Make no mistake, even if Glass Steagall had not been repealed, we still would have had a recession. The housing bubble was ripe and building since the 90s. The gas prices still would have robbed many of their mortgage payments. And the stock market still would have crashed. Accounting rules such as ‘Mark-to-Market’ would still have pushed the banks to come up with lots of cash. The difference is the severity of the recession. And how deep it would have been without the repeal of Glass-Steagall is pure speculation. But it is safe to say it would have been less severe.

ETpro's avatar

@Jaxk That’s an excellent summary. I would just like to add for the record that when Republicans tell it, the repeal of Glass Steagall was all Clinton’s fault. Actually, the act was repealed by the Gramm-Leach-Bliley Act of 1999. Gramm, Leach and Bliley are all Republicans. The legislation was the Republican Party’s signature initiative of 1999.

It passed in the US house May 6, 1999: This bill passed in the Senate by roll call vote. The totals were 54 Ayes, 44 Nays, 2 Present/Not Voting. Jul 20, 1999: This bill passed in the House of Representatives without objection. A record of each representative’s position was not kept. Yes, Bill Clinton signed it, and has defended that move. I think he’s dead wrong. But to claim it was a Democratic initiative is just plain backwards. It was not. And if you tried to put something like Glass-Steagall back in place today, the opposition would be totally from Republicans.

Jaxk's avatar

@ETpro

I don’t disagree that the Republicans pushed this repeal. My numbers on the vote count came from this article. I didn’t think the Huffington Post would have a conservative agenda.

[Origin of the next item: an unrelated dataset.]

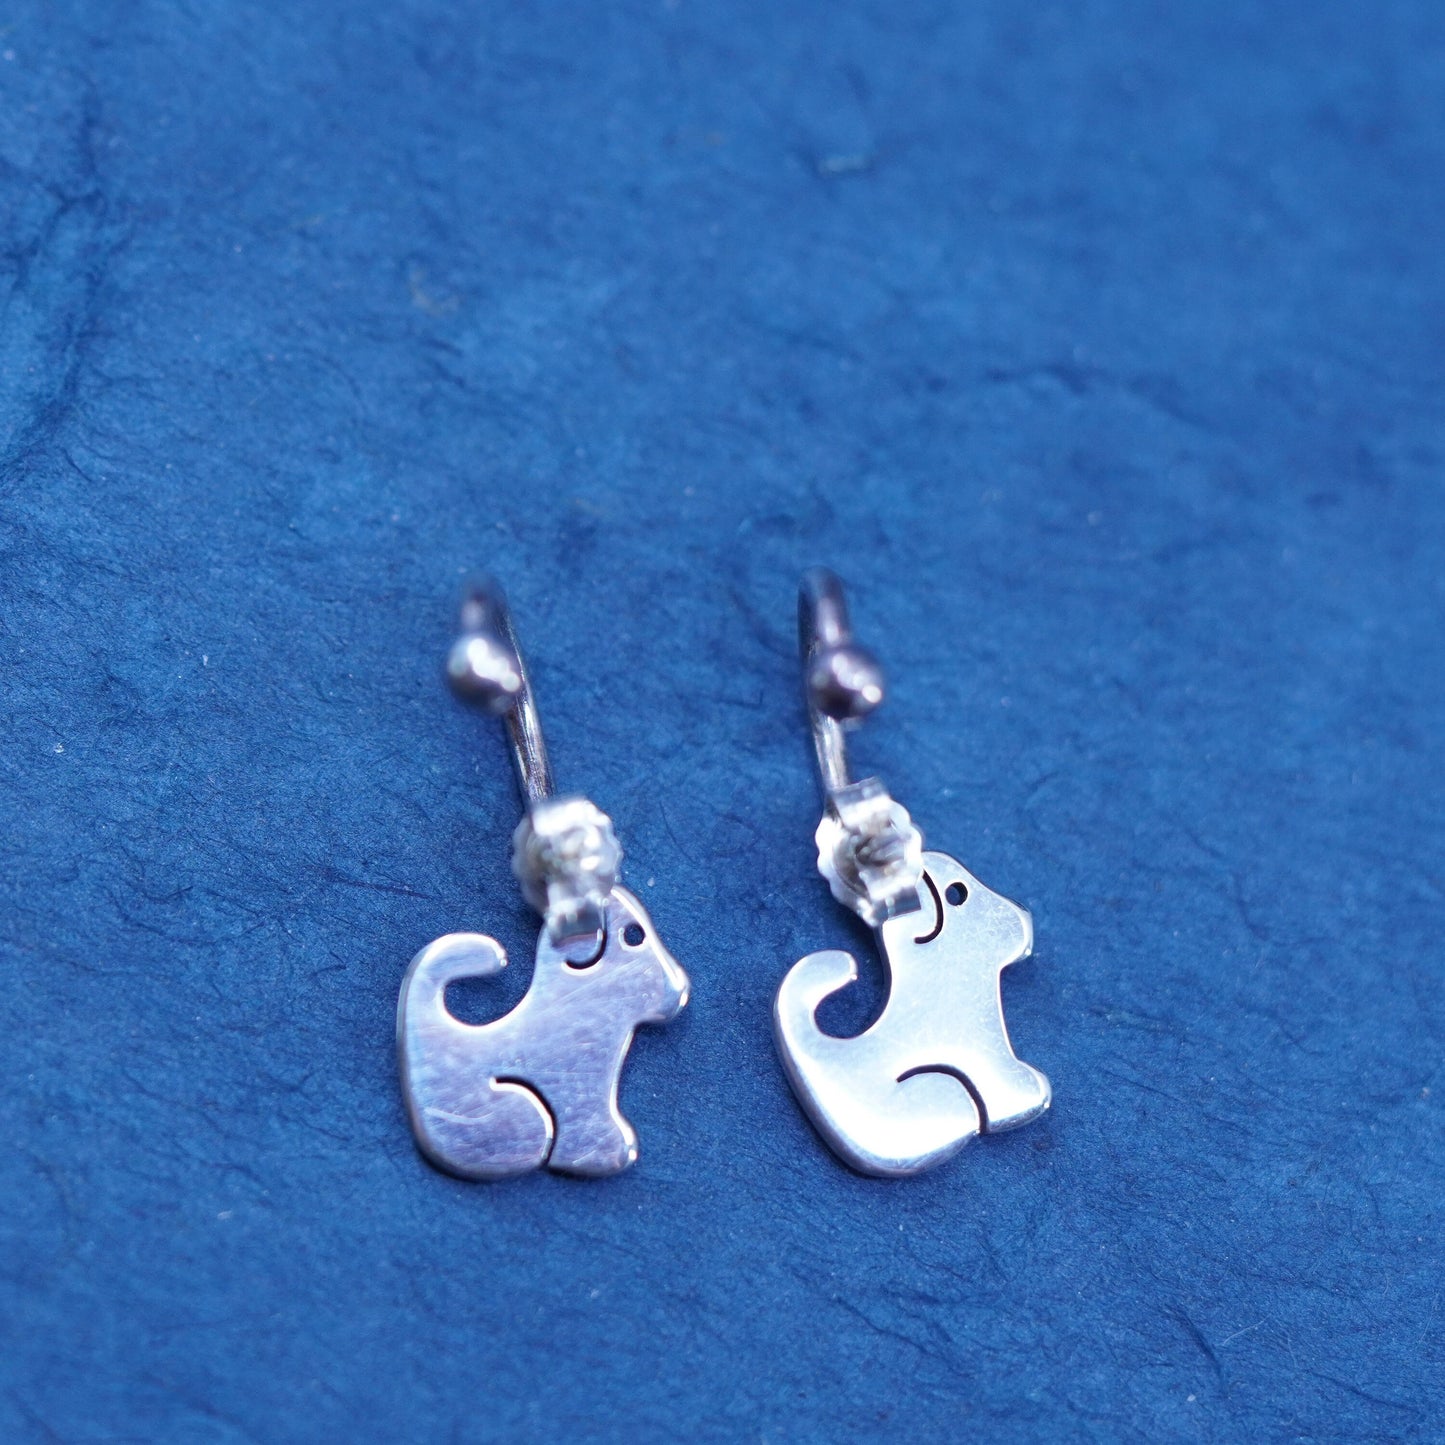 0.5”, Sterling silver handmade earrings, 925 hoops w/ dog puppy charms, huggie

So with your Objection I’ve gone back to take a closer look at the vote.

Whereas information can be found to support your number, it is as usual selective and incomplete. The senate passed Gramm-Leach-Biley by a vote of 54 to 44 in May of ‘99. Then the House passed it in June. A conference committee was set to resolve the differences which it did. Once the differences were resolved the went back to the senate and passed by roll-call vote. The totals were 90 Ayes, 8 Nays, 2 Present/Not Voting. The house passed it with a roll-call vote as well. The totals were 362 Ayes, 57 Nays, 15 Present/Not Voting. This is all quite typical and it would seem the vote count for the bill that actually became law would be the one that counts. Not the interim votes. You can find this information here at the very end.

I graciously await your apology.

ETpro's avatar

@Jaxk Actually, the source showed all that. But you have already mentioned the fianl approval vote, so I didn’t repeat that. It was you who left out all the other details (AKS facts) that you sniff at because they came from the wrong source.

Jaxk's avatar

@ETpro

I’m a little late here but my last post was overly sarcastic and I regret that. I’d love to say you might misinterpret it but It was pretty sarcastic. I apologize for that.

ETpro's avatar

@Jaxk Thanks. I value your friendship and didn’t take offense.